Manufacturers, industrialists and financial experts have raised the alarm over an alleged plan by the Federal Government to engage the services of a Swiss-based security ink manufacturing company (name withheld) for the purpose of collecting taxes through a process called “track-and-trace” on manufacturing and consumer goods.
They equally warned against a reported “no objection” certification granted to the alleged preferred company by the Infrastructure Concession Regulatory Commission (ICRC), as the sole company to deploy the technology.
The notorious Swiss company that provides security printing, security inks for currencies and sensitive documents, including identity documents, passports, transport and lottery tickets, is said to have been selected by the Federal Government to carry out the project without passing through competitive bidding processes as stipulated by Nigerian laws.
It was further gathered that the company is being sponsored by some Federal Government officials in collaboration with the Federal Ministries of Finance, Trade and Investment as well as the Federal Inland Revenue Service.
It was gathered that the Federal Government, in order to shore up national revenue and reduce external borrowings, plans to introduce value-based track-and-trace stamping of consumer and industrial products manufactured in Nigeria.
The process, a very important revenue generation process, is however already embroiled in controversy due to the manner it was being handled.
Sources faulted the Federal Government for selecting a company with a dented reputation overseas for the job.

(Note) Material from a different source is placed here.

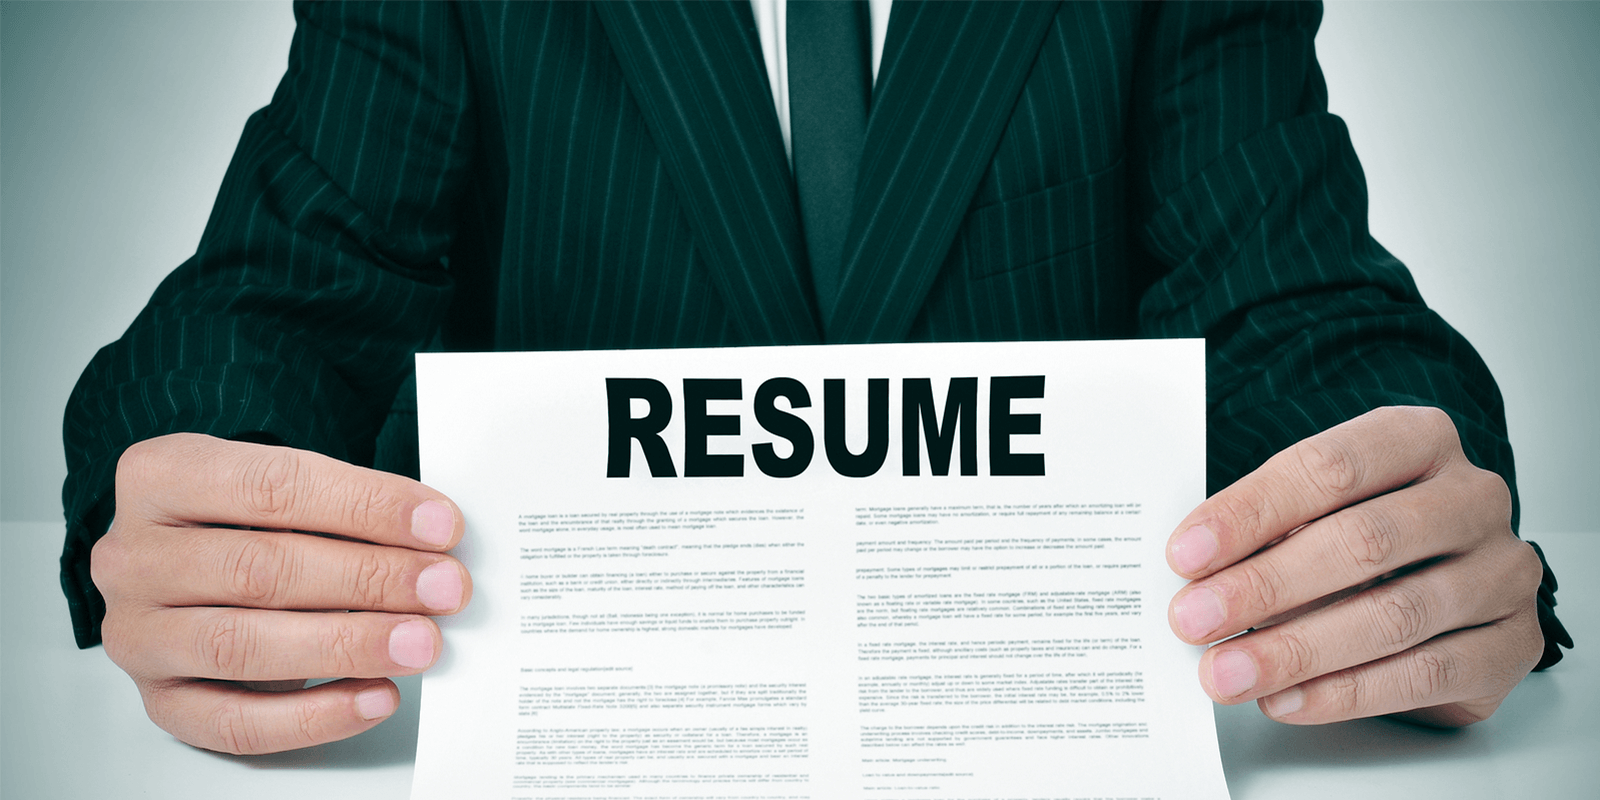 Exploring the Depths of the Job Market: Bengaluru CEO's Surprise at 3,000 Resumes in Just 48 Hours

Available documents indicate that the “preferred company” was in 2023 found guilty of “organisational deficiencies” and bribery by a Swiss court and fined.
Stakeholders are consequently raising the red flags over the procedure allegedly being adopted by both the Federal Government and ICRC for the selection of the company for the implementation.
Specifically, the disagreement revolves around picking the company without any competitive bidding.
Those against the process are relying on a statement from the Federal Prosecutor’s Office, Switzerland, dated 27th April, 2023, which fined the suspected company $90.6 million, “due to organisational deficiencies,” and bribery of foreign nationals where they executed contracts.
Sources told New National Star at the weekend in Abuja, that for some months now, representatives of the Swiss company have been in Nigeria, “fraternising with top bureaucratic and political leaders, on their expertise and experiences,” but failed to disclose that their company has severe image and reputation issues back home.
Further investigations show that the company was indicted in similar activities (stamp duty contracts) in its home country, Switzerland, of fraudulently bribing government agents in countries where it carried out business and was subsequently fined.
Findings from the Communications Service at the Office of the Attorney-General of Switzerland (OAG) show that the company was slammed “with a penalty order issued in accordance with Art. 102 para. 2 SCC in conjunction with Art. 322septies SCC”.
“The OAG has accordingly ordered the company to pay a fine of CHF 1 million and imposed an equivalent claim for compensation amounting to CHF 80 million under Art. 71 para. 1 SCC,” it stated.
The said manager of the company was sentenced to a conditional prison term of 170 days.
“The order states that he paid bribes to high-ranking officials in the Colombian and Venezuelan markets between 2009 and 2011,” the sources added.
It was reported that the Federal Prosecutor in Switzerland had initiated criminal proceedings against SICPA, which specialises in security inks for currencies and documents, in 2015 following a request for legal assistance.
Investigations revealed that the company offered bribes in Brazil, Venezuela and Colombia and is currently undergoing probes in Egypt, the Philippines, India, Kazakhstan, Pakistan, Senegal, Vietnam, Ukraine, Zambia and Malawi.
It was also gathered that the Kenyan Parliament had summoned the Kenya Revenue Authority (KRA) over a tender for the supply of excise stamps following reports that the same company had been slammed with a Sh2.5 billion fine for bribing foreign public officials in the conduct of business.
Despite all these, the company had allegedly been awarded a track-and-trace contract by the Federal Government of Nigeria amidst the firm’s reputation, which is tainted by allegations of systemic illegal practices and investigations in several countries.
Questions also center on how the company allegedly obtained a “No Objection” certification from the ICRC.
Efforts to get officials of the ICRC to confirm or deny the report proved abortive as at press time.